Memory and trauma

Several studies have attempted to decipher the role of trauma, or an intense emotional experience, in coding, storing and retrieving memories Is there a relationship between memory and trauma?Do traumas leave a smaller or larger footprint than ordinary memories, or are they equivalent??

There are several positions that support both arguments. Some argue that traumatic experiences are treated differently from the most common memories, these mechanisms create a deteriorated memory that is difficult to recover.

  • On the other hand.
  • Others argue that stress does not change the quality of these memories and that they are treated in a very similar way.

The defense of these positions was based on laboratory studies, the traumatic condition is very difficult to reproduce in a controlled and safe situation.

As a result, have studies been conducted with patients with post-traumatic stress disorder?PTSD? Whose rooted trauma seems appropriate to discover how memory and trauma relate.

PTSD can be defined as the abnormal response with which some people react to a traumatic, devastating or painful experience, classifying it as abnormal can be a mistake, as we are talking about reactions from normal people to unusual situations.

The inability to cope with this experience leads the person to experience intrusion symptoms associated with the same event.

Can these symptoms be recurrent painful memories, dreams or nightmares, dissociative reactions?What can lead to a loss of consciousness of the present?Psychological discomfort and avoidance of everything related to this experience and intense physiological reactions.

The most common causes of NATURAL disasters related to PTSD?Floods, earthquakes or tsunamis?, accidents and diseases. However, there is one type of event that generally has rates of 70% to 80% PTSD development: human atrocities. This category includes assaults, terrorist acts, sexual abuse and rape, concentration camps.

One of the diagnostic criteria included in the DSM-5 to determine if a person has PTSD is the inability to remember the relevant aspects of the traumatic event.

This can be defined as dissociative amnesia, and although memories are not stored, they can change behavior.

For example, even if a girl doesn’t remember how she was sexually assaulted in a bathroom, she can behave in a way that avoids public restrooms and can even feel very bad when entering the bathroom of her own home.

Among the main symptoms of PTSD, and also one of the most limiting, are emotional avoidance and bottling, overactivation, dependence and invasive memories.

By focusing on the latter, people who have experienced a traumatic experience may be conditioned on reviving the traumatic situation through nightmares, intrusive memories or flashbacks.

This is not to say that the person’s memory is not lacking, as they may not remember certain aspects of the event; In turn, other details or scenes can return to memory with brilliingness, the problem with this is that reviving is uncontrollable and inevitable. for the individual.

Keep in mind that while intrusive memories are actually memories, flashbacks are not.
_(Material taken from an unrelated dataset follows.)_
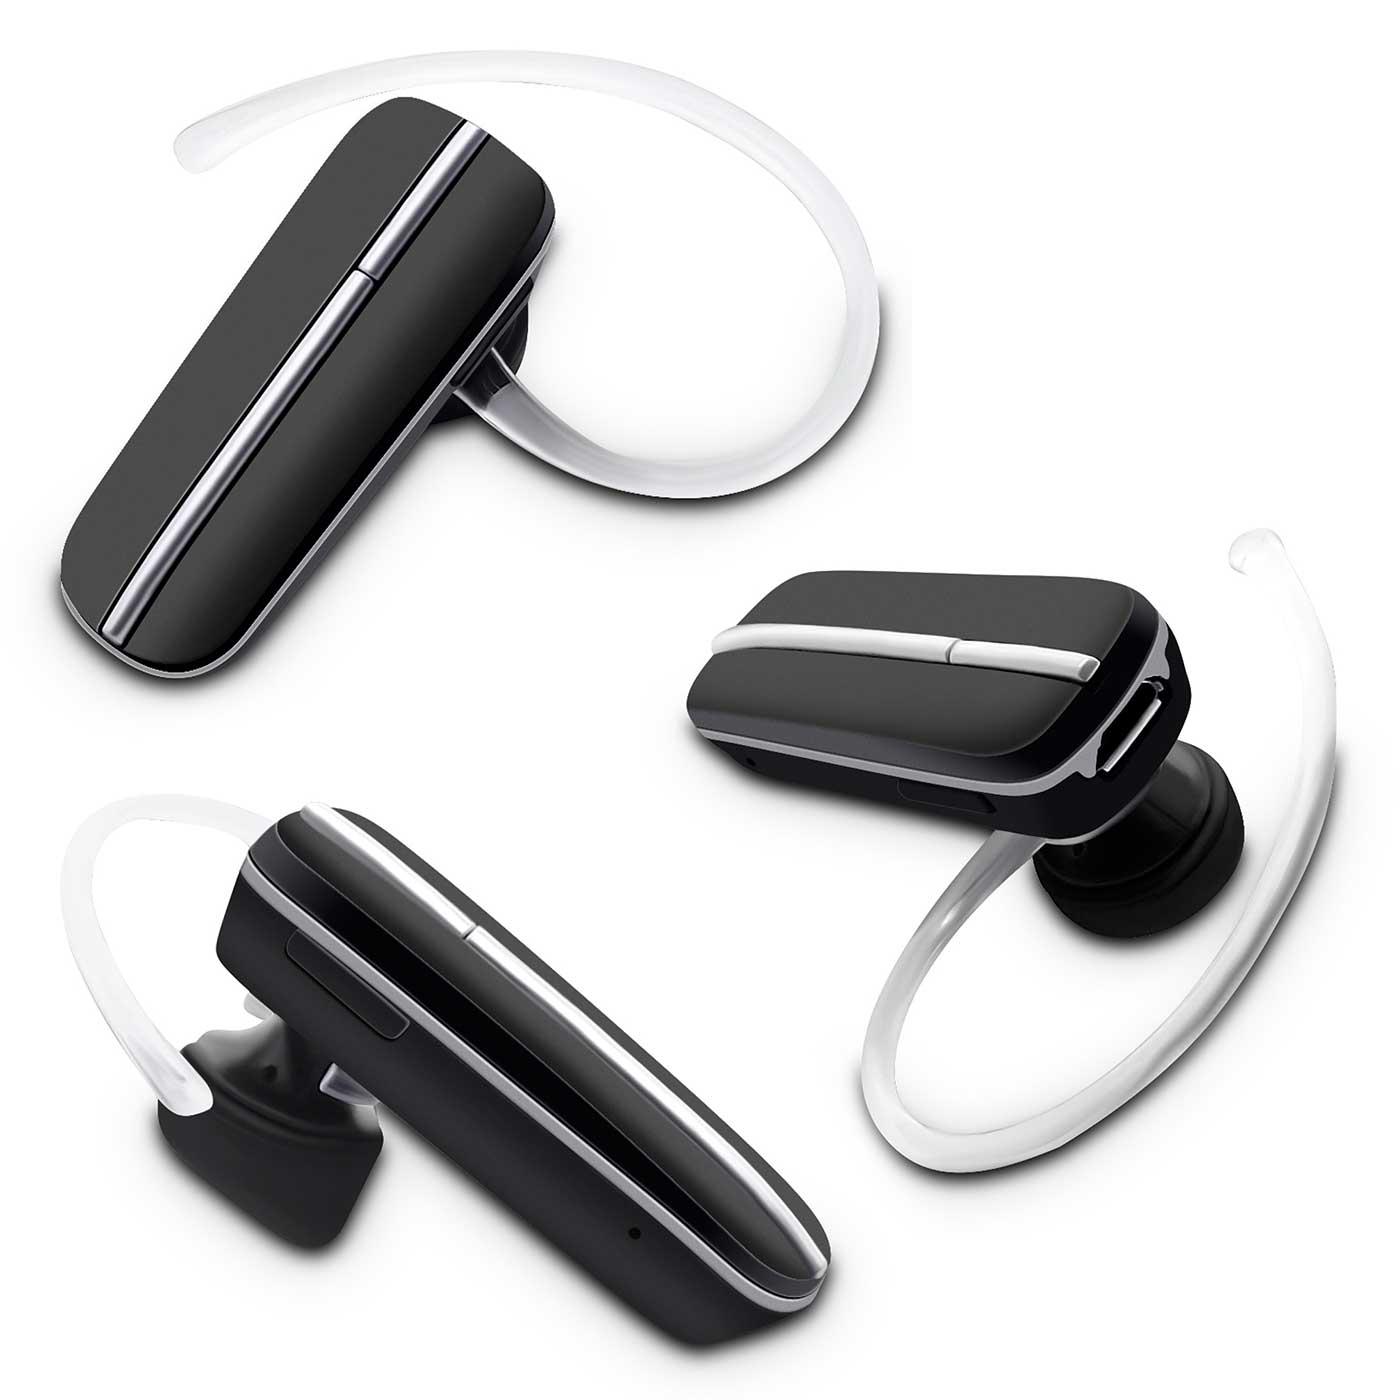 neu drahtlos stereo bluetooth 3 0 kopfh rer headset f r. Black Bedroom Furniture Sets. Home Design Ideas

With flashbacks, temporality is lost, because the individual feels he is living everything again.

Does this happen in the presence of neutral stimuli?stimuli that do not condition the person in aversive or pleasant way?triggering flashback.

For example, a person who was the victim of a terrorist attack may have a flashback when he sees a blue cloth wrapped around a man’s neck, because the mall where he was on the day of the event had walls of that color.

Therefore, flashbacks are not just a memory lived with anguish, they are the rebirth of the traumatic emotional experience and involve thinking that everything happens again.

Therefore, in patients with PTSD, we can find several effects on memory.

Can excess hypermnesia occur, when trauma is characterized by intrusive memories, flashbacks and nightmares, or amnesia?For lack of ,, when there is disorganization of memory, fragmentation of memories and total or partial forgetfulness.

The two can coexist, depending on the forgotten aspects, the living aspects, or the nature of the trauma.

Memory and trauma seem to be related to autobiographical memory, autobiographical memory is part of explicit memory and allows us to remember the events of our lives and the world around us.

What makes it possible to have a logical discourse of life and a development from our memories is exactly the memory.

Thus, since traumatic memory is not a coherent story, unlike memories of autobiographical memory, studies seem to find the problem in this memory system.

The memory of trauma is broken, fragmented and even seems separate from the individual’s history, when these memories are beyond the person’s control, seem to be invasive and intrusive in relation to autobiographical memory.

The answer to this question, in relation to memory and trauma, is yes, it seems that with the differences between the two types of memories, the presence of the action of special memory mechanisms is evident in situations of high stress.

Some of the most relevant aspects of traumatic memories are

In the case of ordinary memories, everything seems to change:

From all that we’ve mentioned above, it seems that a very strong emotional experience, a source of stress, can automatically influence how information is encoded, stored, and retrieved. Pierre Janet stated in 1904:

“Extremely terrifying experiences cannot be equated with a person’s common beliefs, assumptions, and meanings. In this case, will they be stored differently, dissociated from conscious experience and voluntary control?”